Maybe it is related to the puppet 7 upgrade in some way?

Although the timing could suggest this is caused by puppet 7 i would suggest caution for the following reasons:

  • ~50% of servers are no running puppet7
  • As the migration is active we can't be sure theses servers where running puppet7 when the the timeouts happened
  • most importantly: this script calls raid.rb directly as such puppet is not involved. the only library used is facter (and even then only very limited amount) which has not been upgraded as part of the puppet migration

My feeling is we have still to tacked down the original issue

From the logs, the symptoms have not reappeared since Nov. 23rd (excluding moss-be, it has other problems).

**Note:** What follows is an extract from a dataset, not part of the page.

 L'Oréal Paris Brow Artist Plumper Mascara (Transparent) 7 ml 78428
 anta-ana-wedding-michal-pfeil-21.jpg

Thank you for the report! We will investigate again if the issue reappears.

From the logs, the symptoms have not reappeared since Nov. 23rd (excluding moss-be, it has other problems).

Thank you for the report! We will investigate again if the issue reappears.

Confirmed, this should have been resolved when we enabled server-side caching on the puppetserver (Puppet 7) hosts, which helped reduce load by quiet a bit.